*This restaurant is now closed*
My geography trivia knowledge is seriously ropey.
It was only this year I discovered that Washington D.C. isn’t in Washington State. Surely, I ignorantly believed, it’s only logical they’re in the same place.
Also, when it comes to the locations of British counties, I’m pretty clueless too. This is evidenced by my embarrassingly low high score on County Count-up.
So, you can imagine, when I heard City Road’s latest addition was Oz Urfa, a Mesopotamian restaurant, my first response was: Mesopotamia?
A quick Wikipedia search later, I was enlightened and back in familiar City Road territory. Kebabs.
Well, mostly kebabs. Oz Urfa also has a large selection of mezze for starters and some interesting casseroles and grilled fish dishes for mains.
On the Friday evening we visited, Oz Urfa was rammed. I’m guessing this is in part due to its high ranking on Tripadvisor, but also because there are only six tables. Its diddy size along with the bustling open plan kitchen and warm service all contribute to a cosy, homely feel.

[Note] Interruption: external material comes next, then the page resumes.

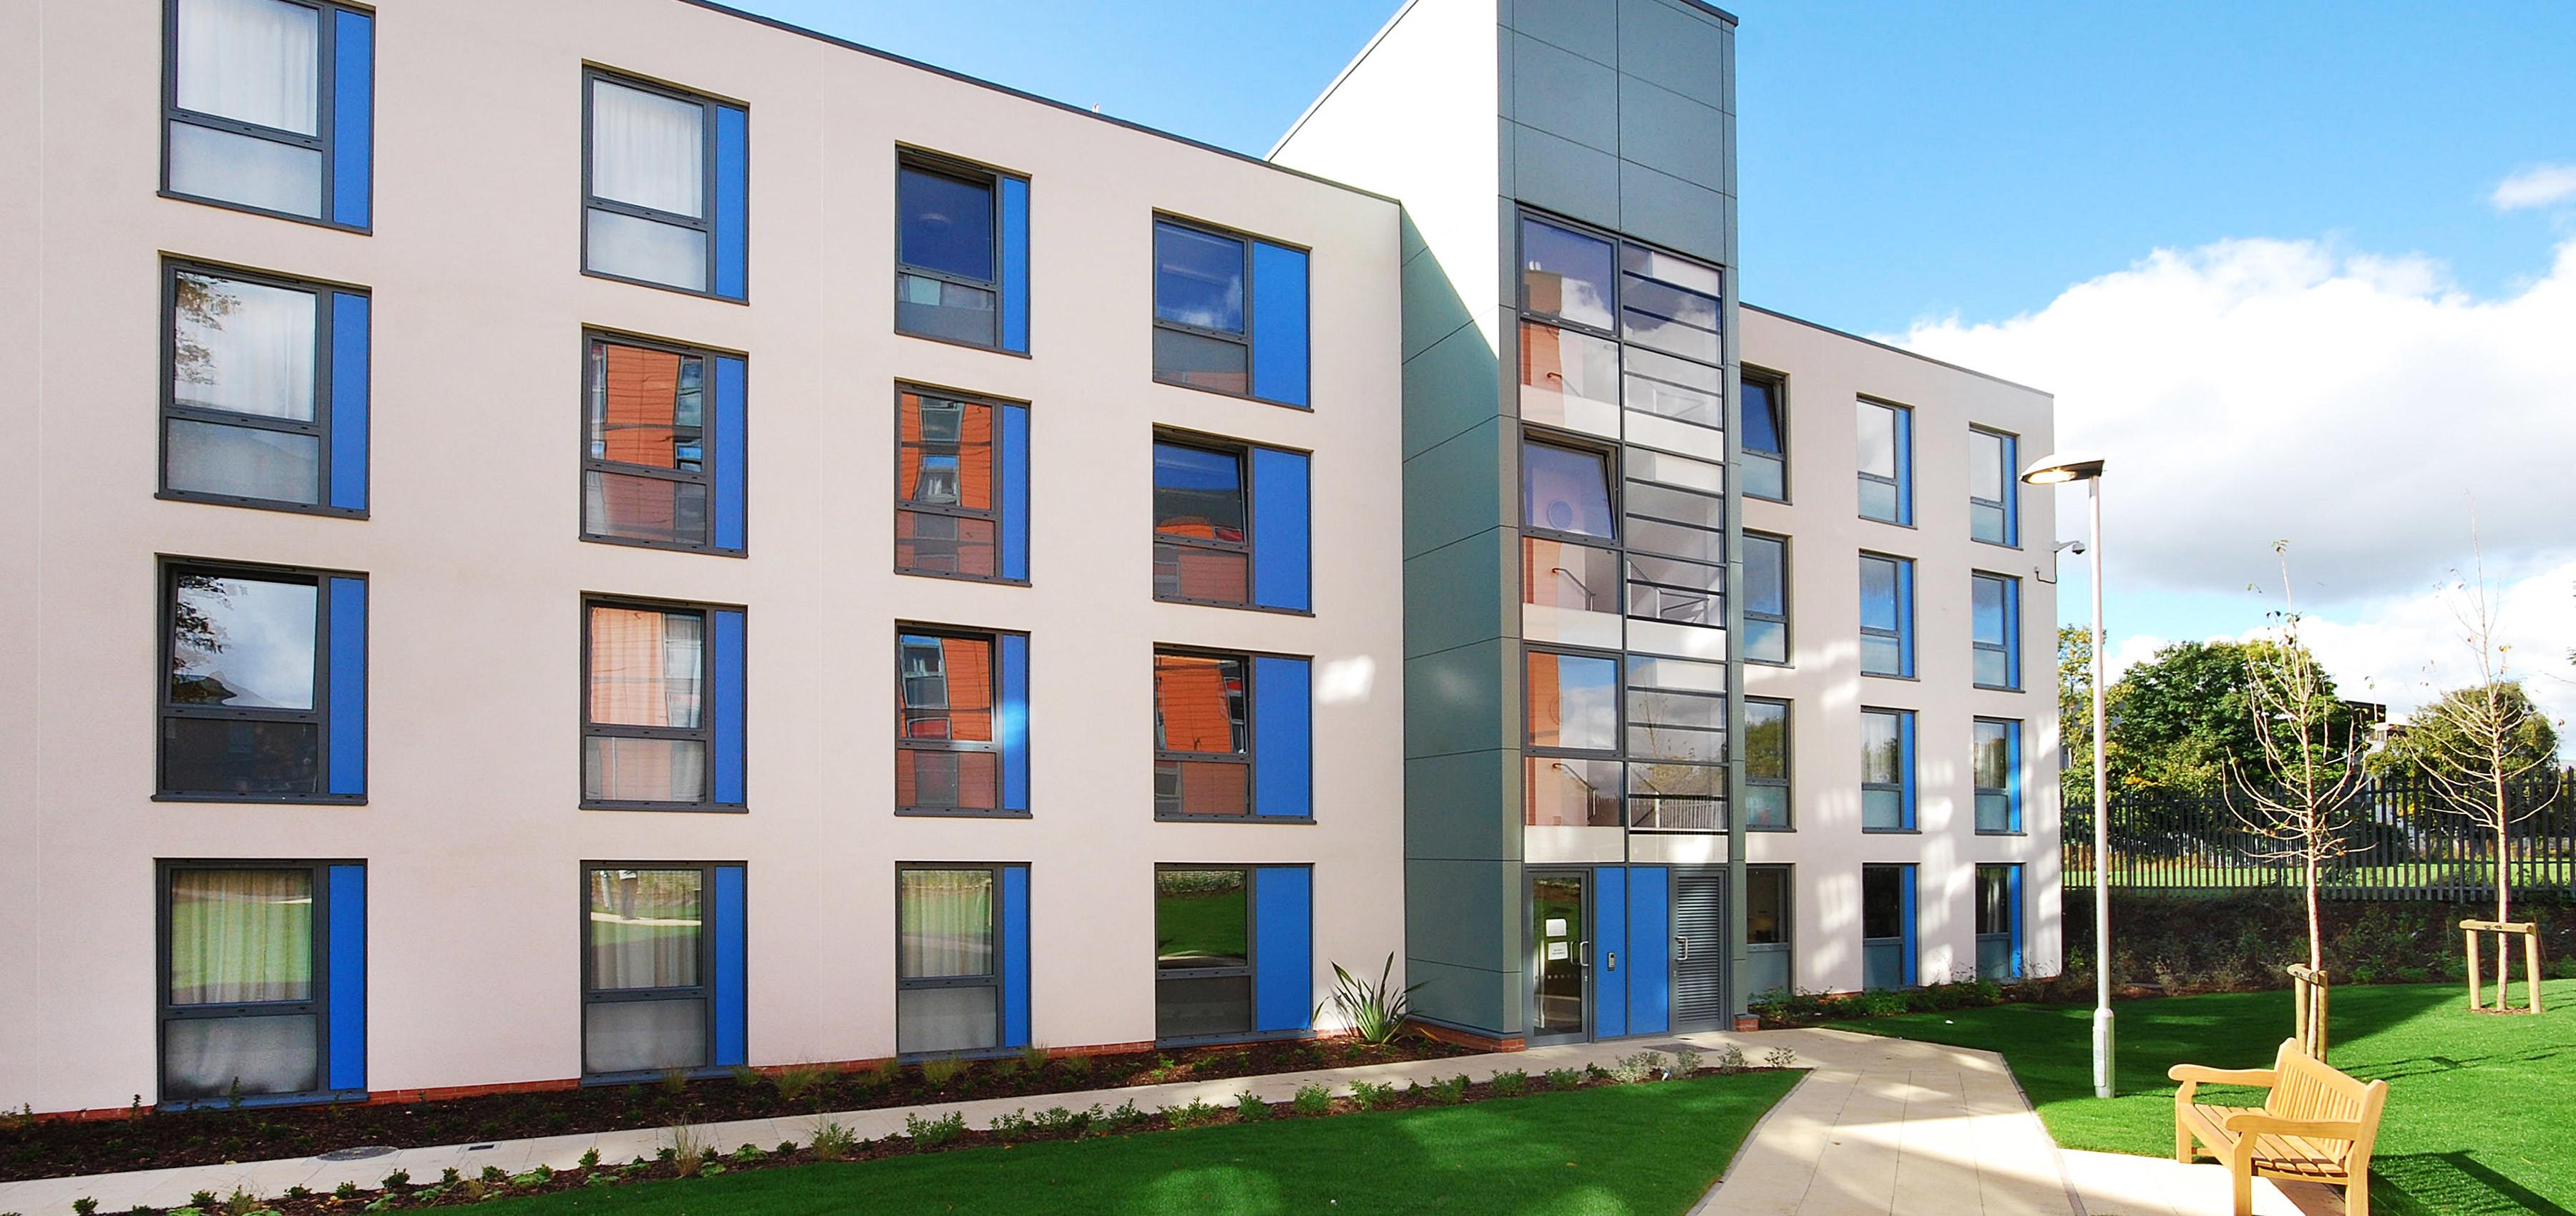 Horton Halls - Hunters - Architects, Building Consultants

Whilst we ordered soft drinks to go with our meal, we became increasingly envious of the tables next to us making good use of Oz Urfa’s BYOB policy.
Starters were excellent. A complimentary basket of bread was up there with the best I’ve eaten on City Road – warm, soft and plentiful.
The standouts of our very good mixed meze (£4) were a light hummus, a zingy mint yoghurt dip, and a spicy, red-coloured dish made with peppers, aubergines and sun-dried tomatoes.
A wonderfully fresh, salad of tomato, cucumber, lettuce and pomegranate seeds, was dressed with sweet pomegranate juice and olive oil.
Lahmacun (£2), a Turkish pizza, was well proportioned, flavoured and priced; the thin, crisp base was topped with finely ground, spiced lamb.
However, things went off-menu with our mains.
My siverek, a mixed kebab (£10) was missing the advertised chicken shish & lamb rib. This left me with well seasoned yet slightly dry lamb kofta, superbly juicy flame-licked chicken wings and disappointingly chewy lamb shish.
A mound of sticky, buttery, noodle flecked rice and a chargrilled green pepper and tomatoes were both excellent additions to the place.
Mrs G’s main was even more renegade. Despite ordering Ali Nazik (£10), a dish of smoky aubergine topped with chicken shish, she ended up with a casserole, albeit a very good casserole.
The bubbling stew comprised of tender chicken, sweet tomatoes and soft onions in a peppery, garlicky, buttery sauce. When we pointed out the error to the helpful waiter, a plate of rather good aubergine béchamel was delivered. Apparently, the two would combine to make Mrs G’s original order; I’m not convinced.
Going someway to make up for the main course mess-up was a superb complimentary plate of warm, crisp baklava oozing with syrup and nuts.
I wish I could praise our meal at Oz Urfa without fault. However, the middle of the meal was just a bit too skew-whiff. In spite of this, I’d happily recommend a visit – it would be worth the trip even for the bread and baklava alone.